──────── Data provided

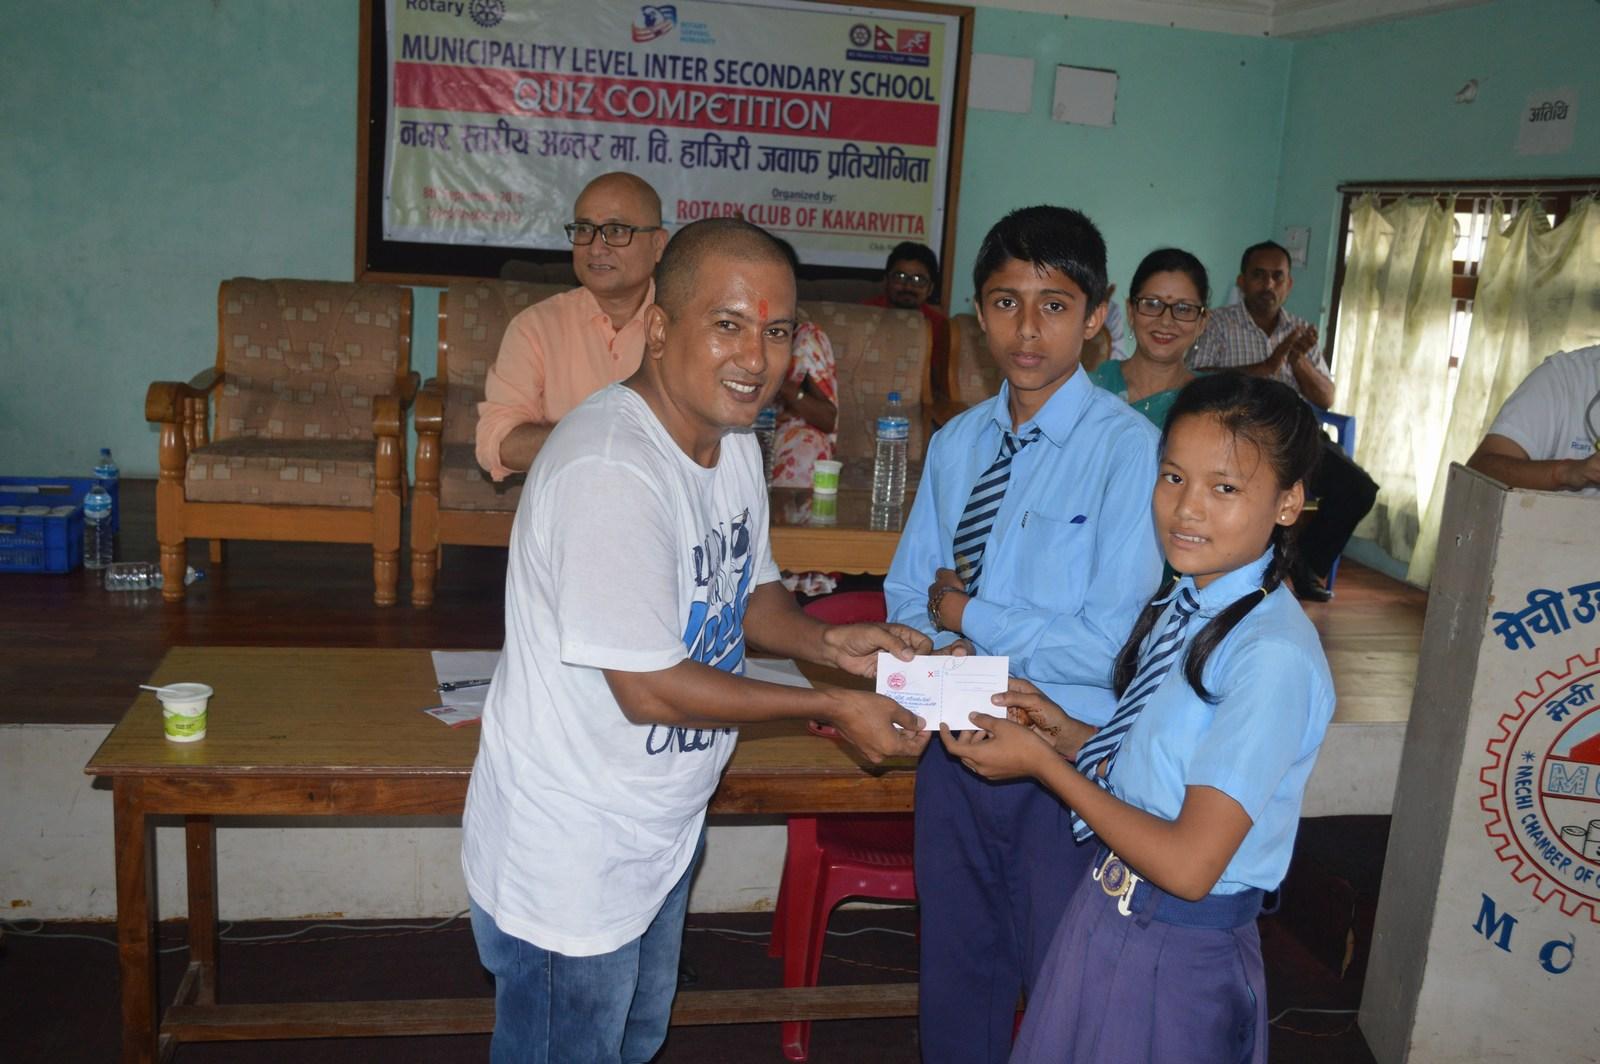 Municipality-Level-Inter-Secondary-School-Quiz-Contest-2016-Rotary-Club-of-Kakarvitta-61
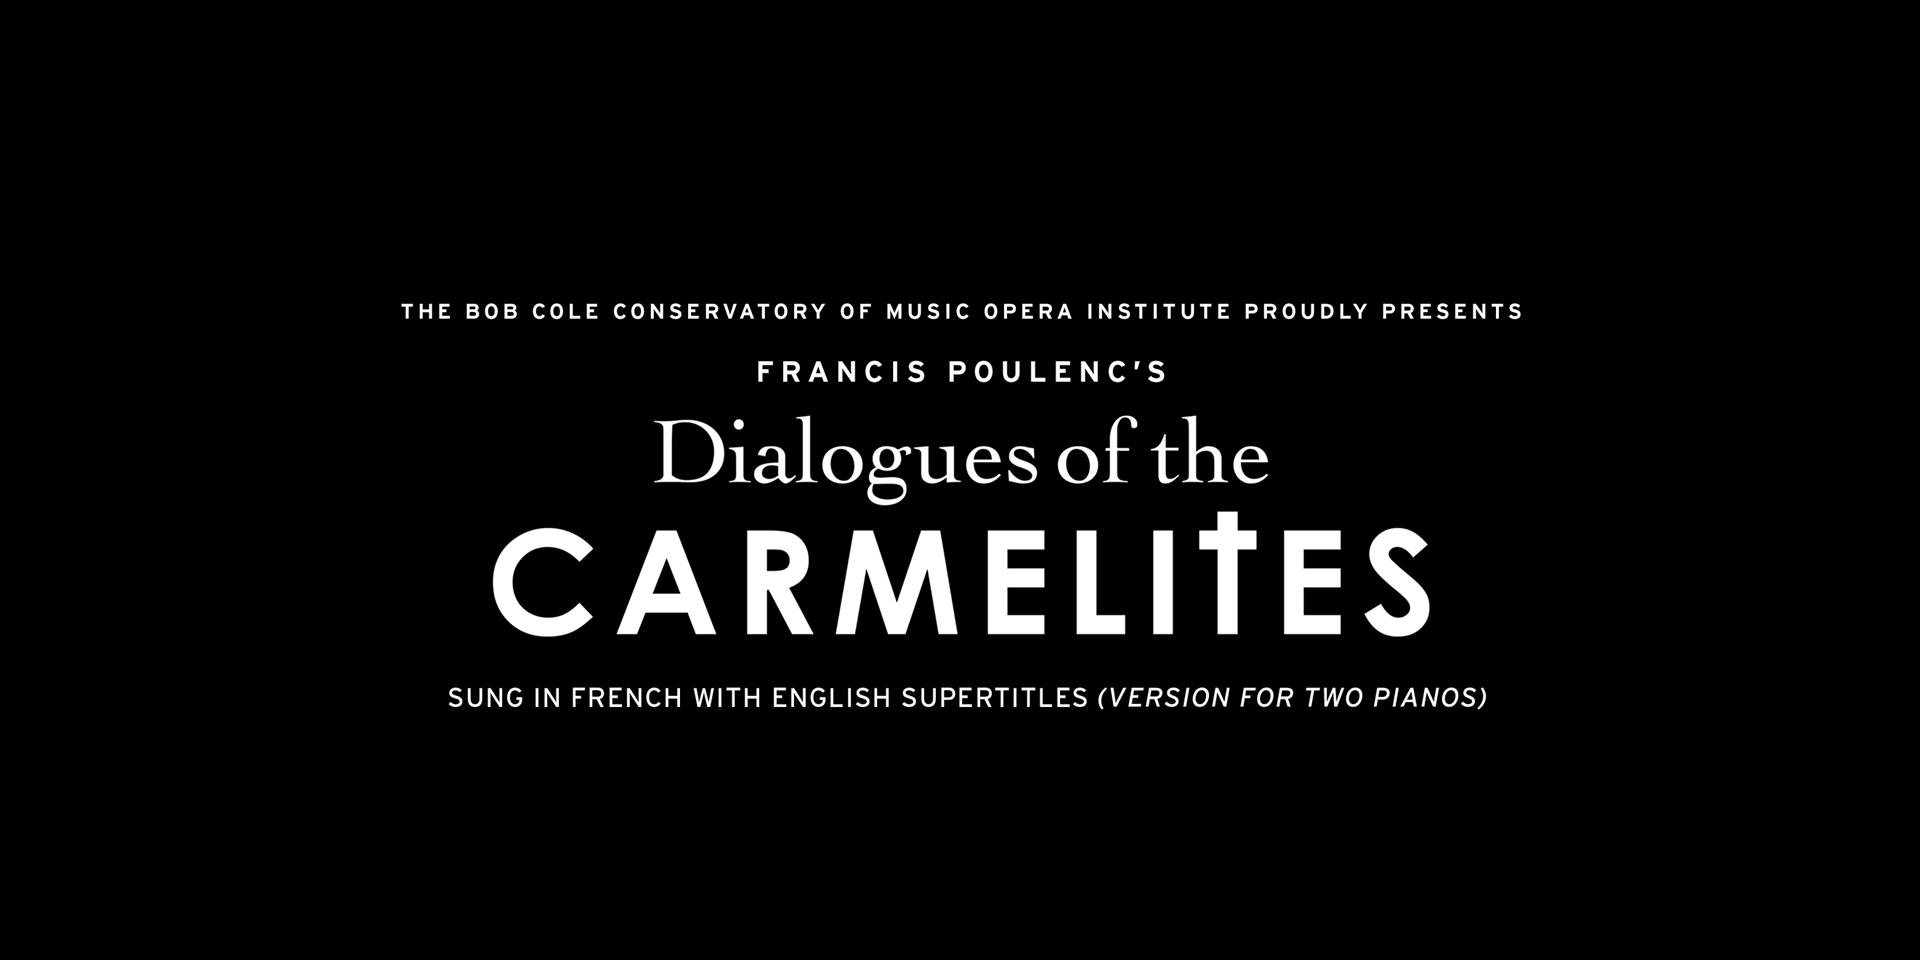 BCCM-CSULB | Opera: Dialogues of the Carmelites
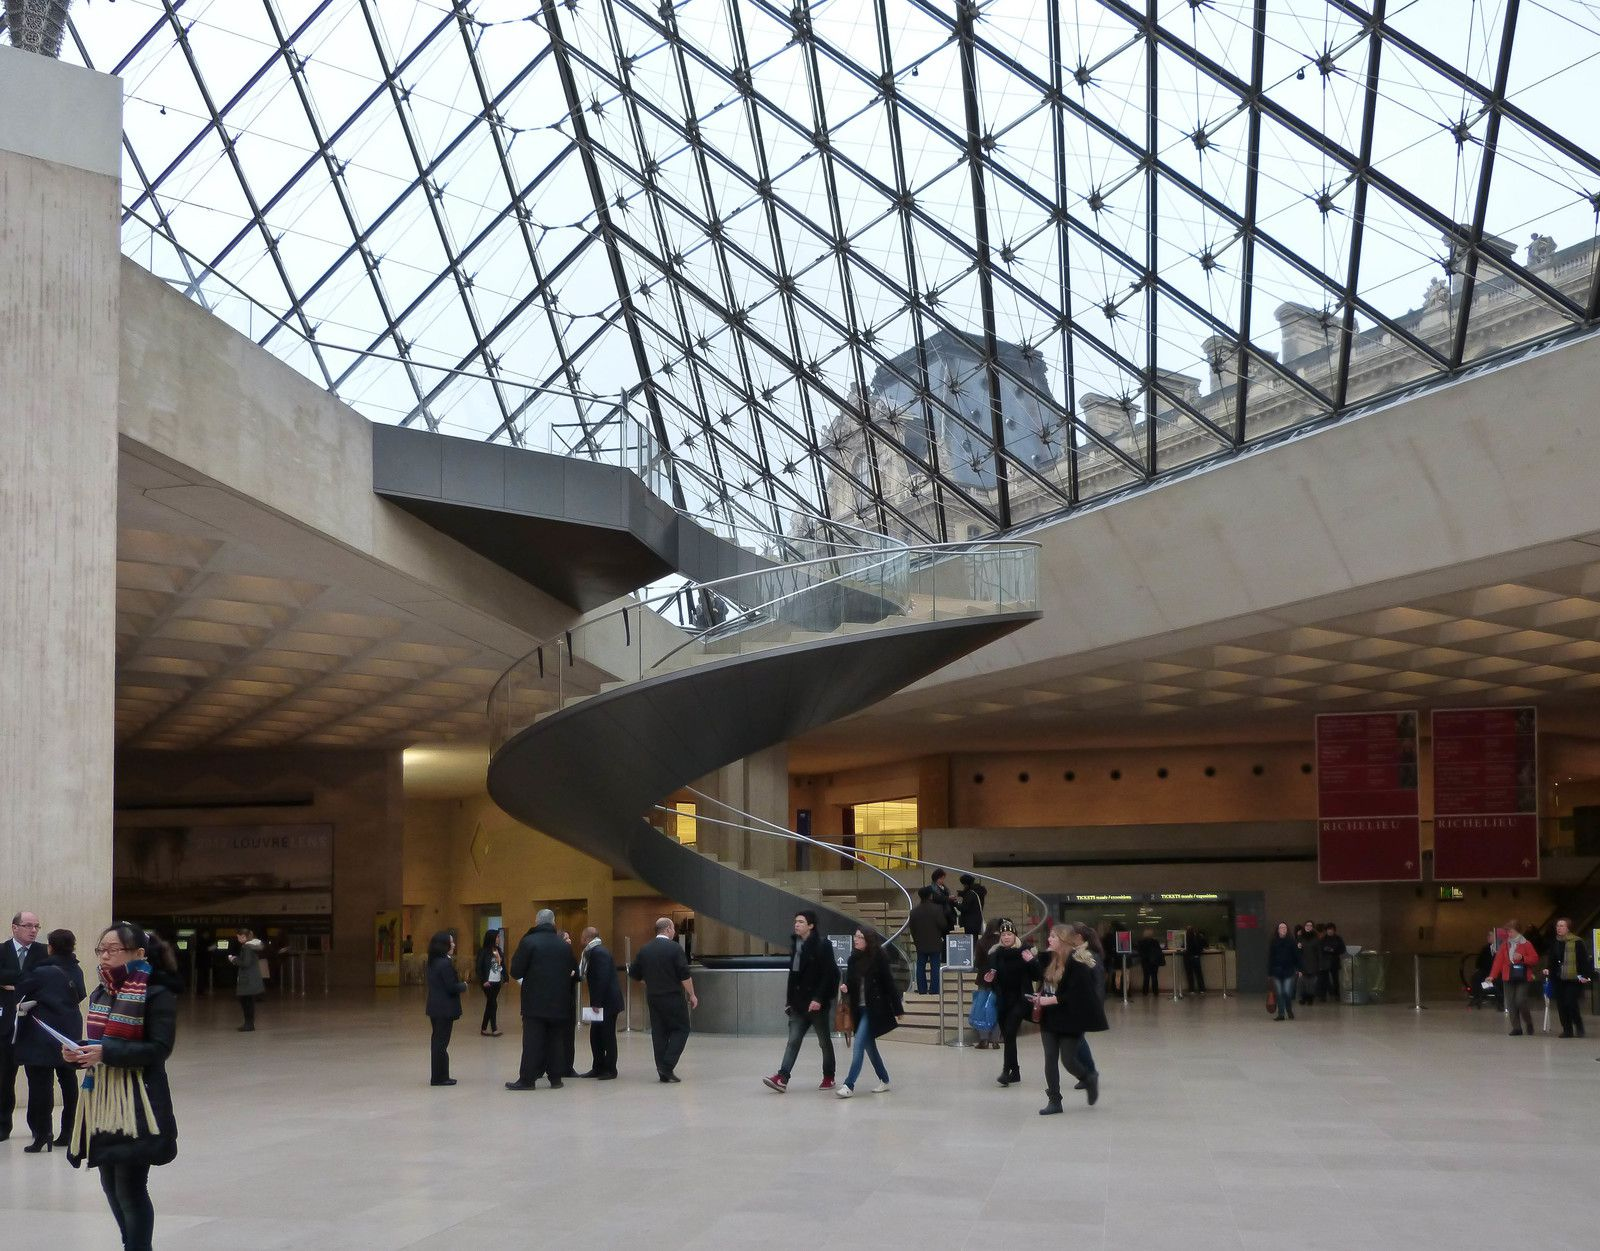 Devinette du samedi 18 avril 2020 - Suite - La pyramide du Louvre

────────────────

**Problem requirements**
Your response must reproduce every line of the data exactly, with images omitted.

**Reply to the task**
 Municipality-Level-Inter-Secondary-School-Quiz-Contest-2016-Rotary-Club-of-Kakarvitta-61
 BCCM-CSULB | Opera: Dialogues of the Carmelites
 Devinette du samedi 18 avril 2020 - Suite - La pyramide du Louvre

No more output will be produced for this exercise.